Menurut Thomas, rendahnya HLS dipengaruhi masih rendahnya motivasi sebagian anak untuk melanjutkan pendidikan, terutama di daerah pedesaan. Banyak lulusan SMP memilih langsung bekerja karena telah memperoleh penghasilan.
“Budaya dan pola pikir seperti inilah yang harus kita ubah. Satu-satunya cara meningkatkan kualitas hidup adalah melalui pendidikan,” katanya.
Selain persoalan motivasi, faktor ekonomi juga masih menjadi penyebab tingginya angka putus sekolah. Karena itu, penghapusan biaya komite di SMA dan SMK negeri diharapkan mampu mengurangi beban masyarakat sehingga lebih banyak anak melanjutkan pendidikan.
Di sisi lain, Disdikbud Lampung juga menyoroti persoalan akurasi data pendidikan masyarakat yang dinilai masih memengaruhi berbagai indikator pendidikan daerah.
Berdasarkan data Semester II Tahun 2025, terdapat sekitar 1.917.167 penduduk usia 25 tahun ke atas yang pada administrasi kependudukan masih tercatat berpendidikan terakhir SD. Thomas memperkirakan sekitar 1,3 juta orang di antaranya sebenarnya telah menamatkan pendidikan yang lebih tinggi, namun belum memperbarui data pada Kartu Keluarga (KK).
Kondisi serupa juga ditemukan pada sekitar 1,3 juta warga yang masih tercatat sebagai lulusan SMP meski diduga telah menyelesaikan pendidikan SMA maupun perguruan tinggi.
“Padahal bisa jadi mereka sudah lulus SMA bahkan kuliah, tetapi di KK masih tertulis tamat SD atau SMP. Karena itu kami berkoordinasi dengan pemerintah kabupaten dan kota agar Disdukcapil segera melakukan pembaruan data pendidikan warga,” jelasnya.
Secara keseluruhan, dari 5.201.698 penduduk Lampung berusia 25 tahun ke atas, kelompok lulusan SD masih menjadi yang terbesar dengan jumlah 1.917.167 orang, disusul lulusan SMA sebanyak 1.545.535 orang dan lulusan SMP 1.303.692 orang.

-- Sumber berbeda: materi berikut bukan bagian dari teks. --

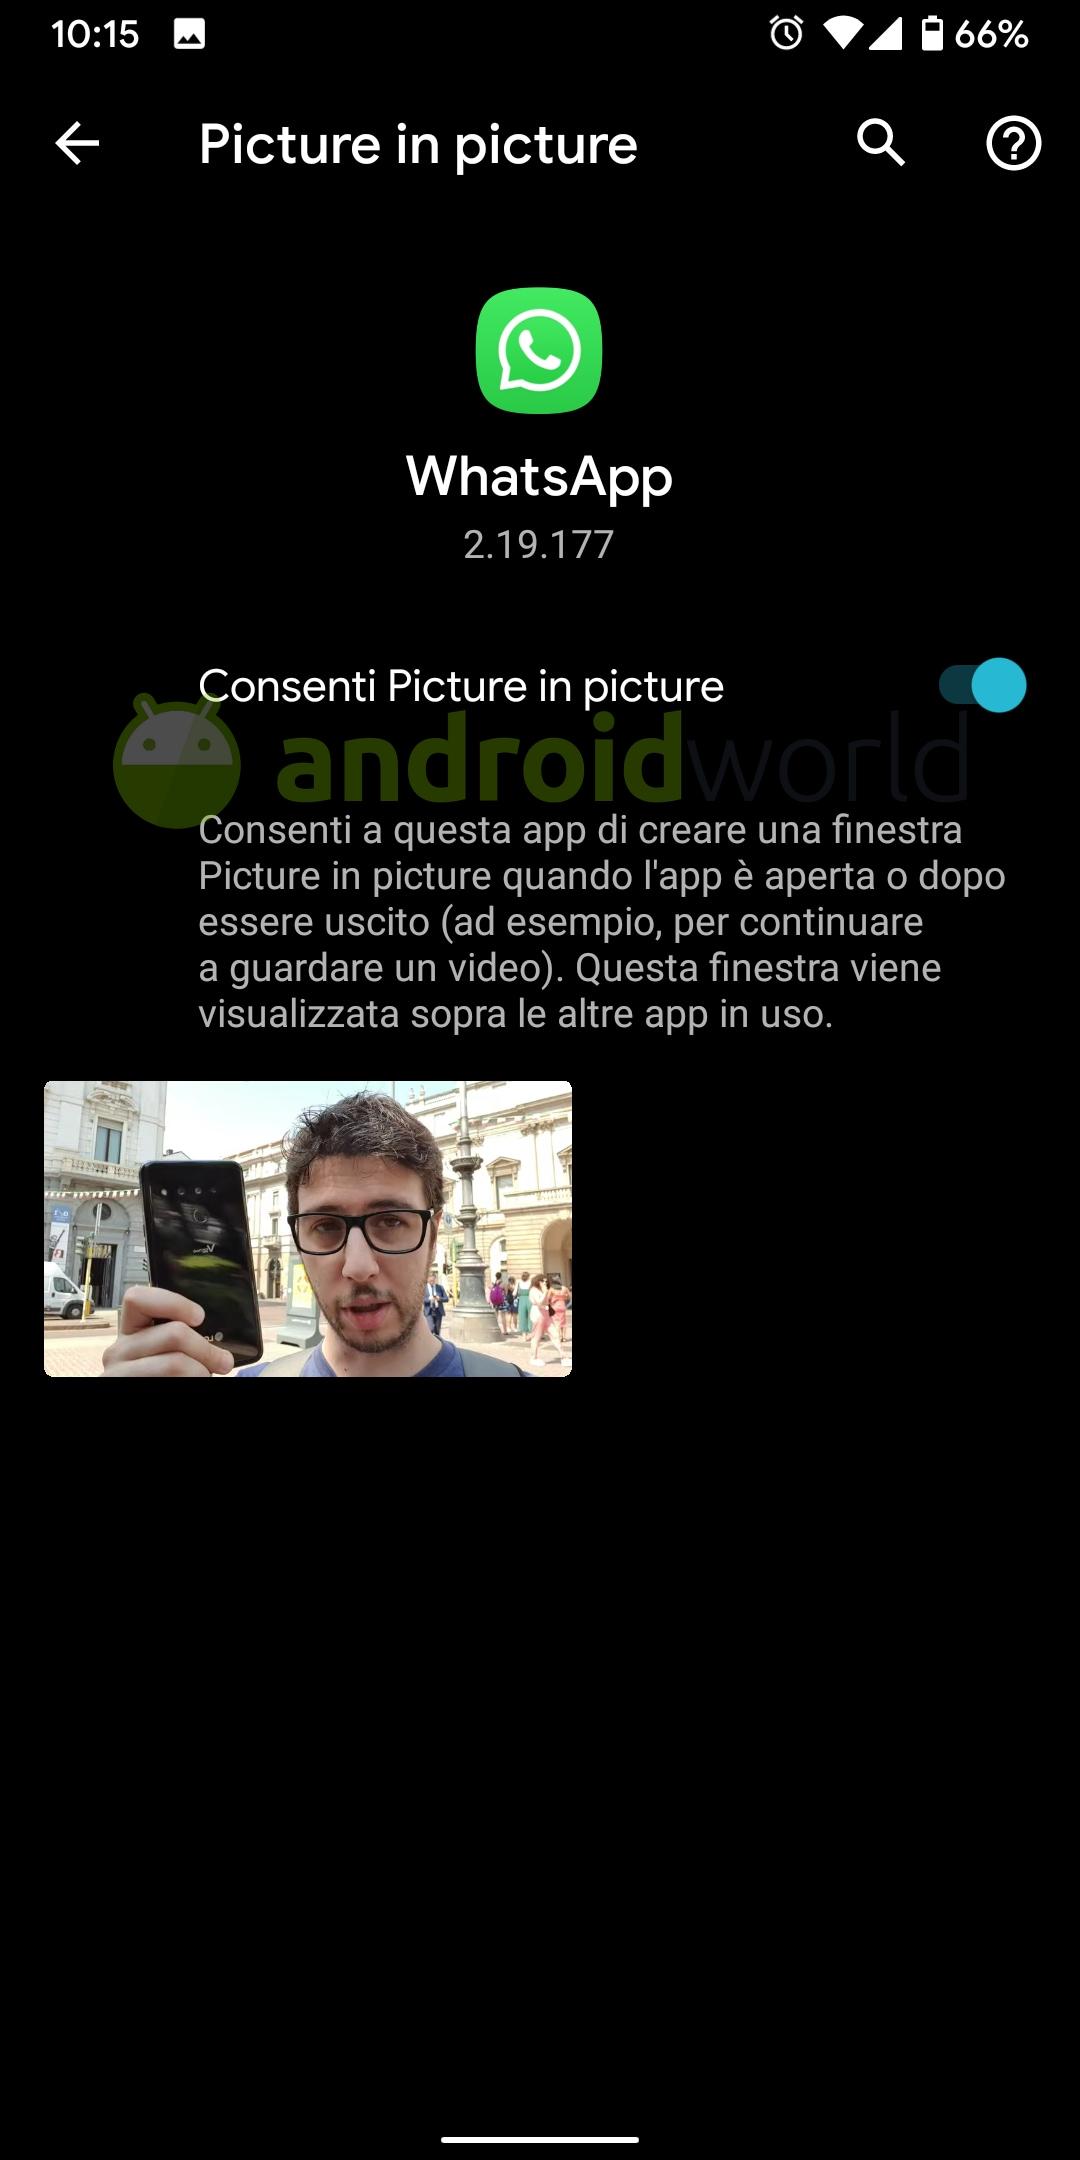 whatsapp-beta-picture-in-picture-01

Sementara jumlah lulusan pendidikan tinggi masih relatif kecil, yakni 291.729 lulusan S1, 82.922 Diploma III, 36.445 Diploma I/II, 22.894 lulusan S2, serta 1.314 lulusan S3.
Lampung Tengah menjadi kabupaten dengan jumlah penduduk usia 25 tahun ke atas terbanyak, mencapai 874.446 orang, sekaligus memiliki jumlah lulusan SD terbesar. Sementara Kota Bandar Lampung menjadi daerah dengan lulusan pendidikan tinggi terbanyak di Provinsi Lampung, dengan 95.841 lulusan S1, 11.712 lulusan S2, dan 717 lulusan S3.
Thomas berharap kombinasi peningkatan akses pendidikan, penghapusan hambatan biaya, penyediaan jalur pendidikan alternatif, serta pembaruan data administrasi kependudukan dapat mempercepat peningkatan HLS dan RLS dalam beberapa tahun mendatang.
Menurutnya, keberhasilan program tersebut tidak hanya akan meningkatkan capaian pendidikan masyarakat, tetapi juga mendorong peningkatan Indeks Pembangunan Manusia (IPM) dan daya saing sumber daya manusia Lampung di tingkat nasional. (*)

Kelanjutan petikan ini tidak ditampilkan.